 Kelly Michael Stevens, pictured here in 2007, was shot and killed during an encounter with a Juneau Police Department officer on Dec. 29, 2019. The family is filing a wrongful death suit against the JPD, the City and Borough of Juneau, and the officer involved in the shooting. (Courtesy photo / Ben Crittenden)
* * *
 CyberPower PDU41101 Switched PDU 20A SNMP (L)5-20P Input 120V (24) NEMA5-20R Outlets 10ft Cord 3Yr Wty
---
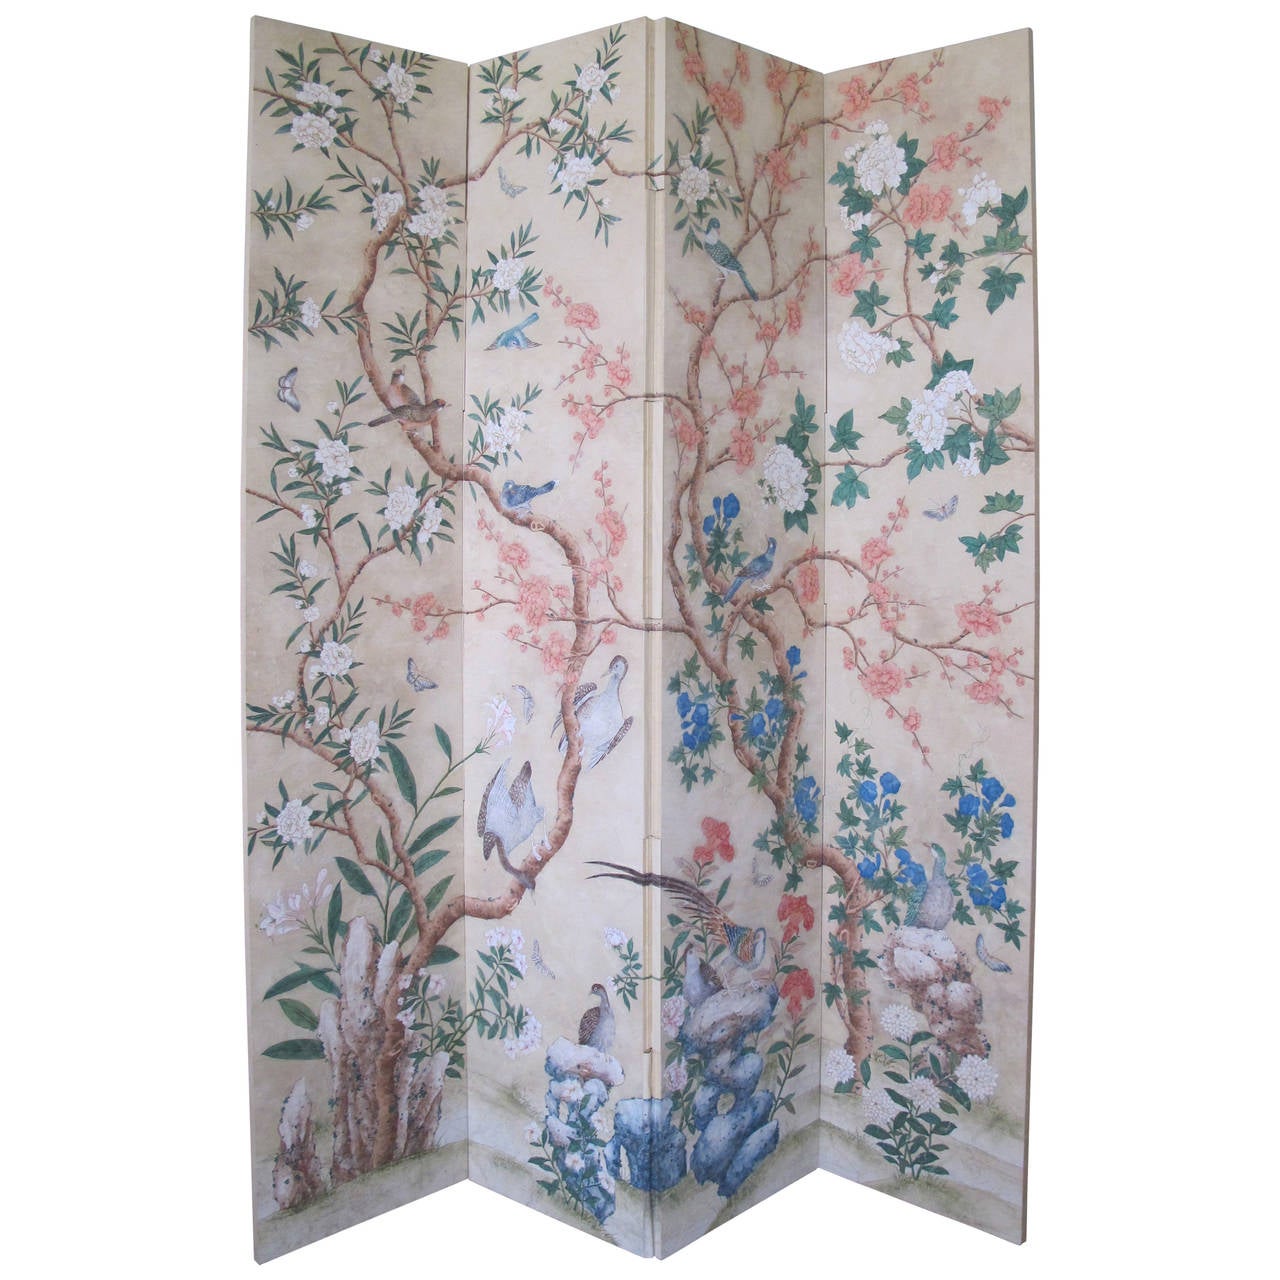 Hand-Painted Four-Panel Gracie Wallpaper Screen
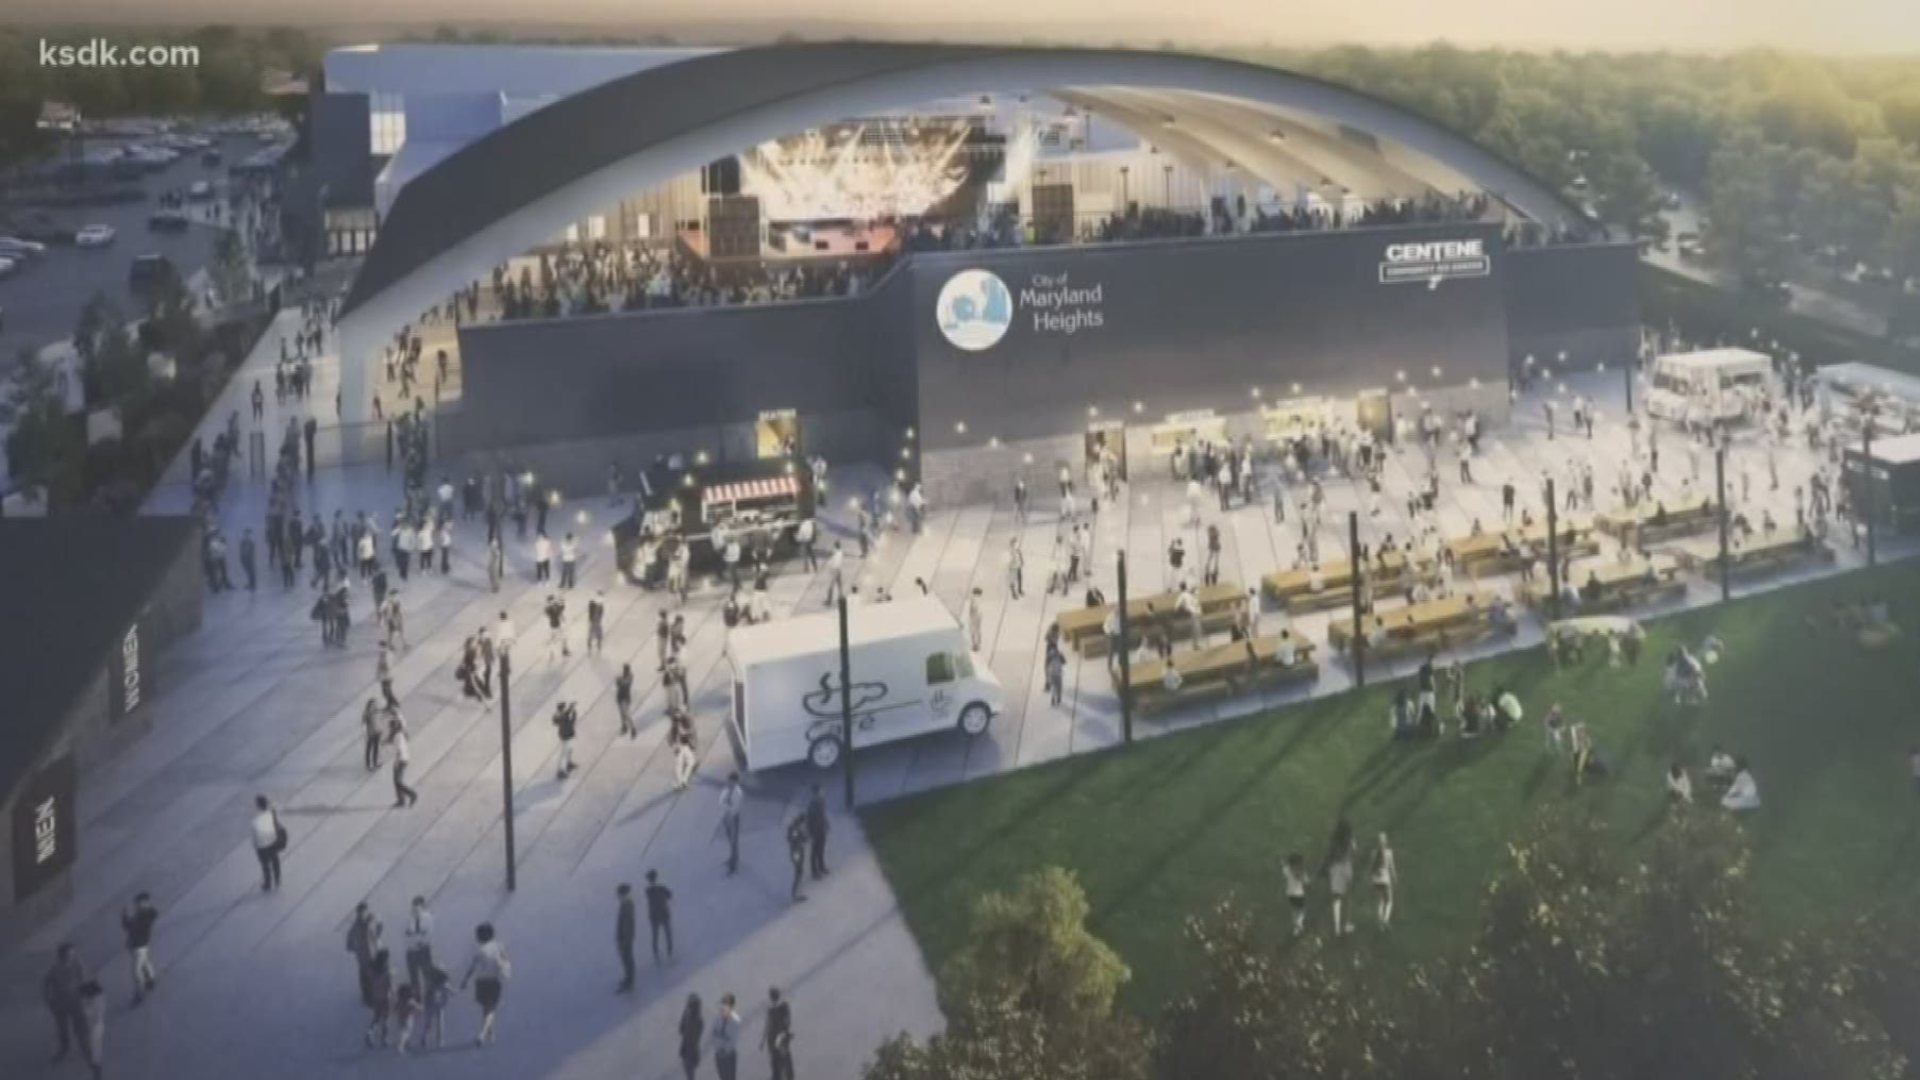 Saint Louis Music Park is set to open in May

[What needs to be done] Everything between and including the line above containing "Hand-Painted Four-Panel Gracie" and the line containing "Saint Louis Music Park is set to open in May" should be reproduced exactly, with pictures excluded.

[Solution for this task]
 Hand-Painted Four-Panel Gracie Wallpaper Screen
 Saint Louis Music Park is set to open in May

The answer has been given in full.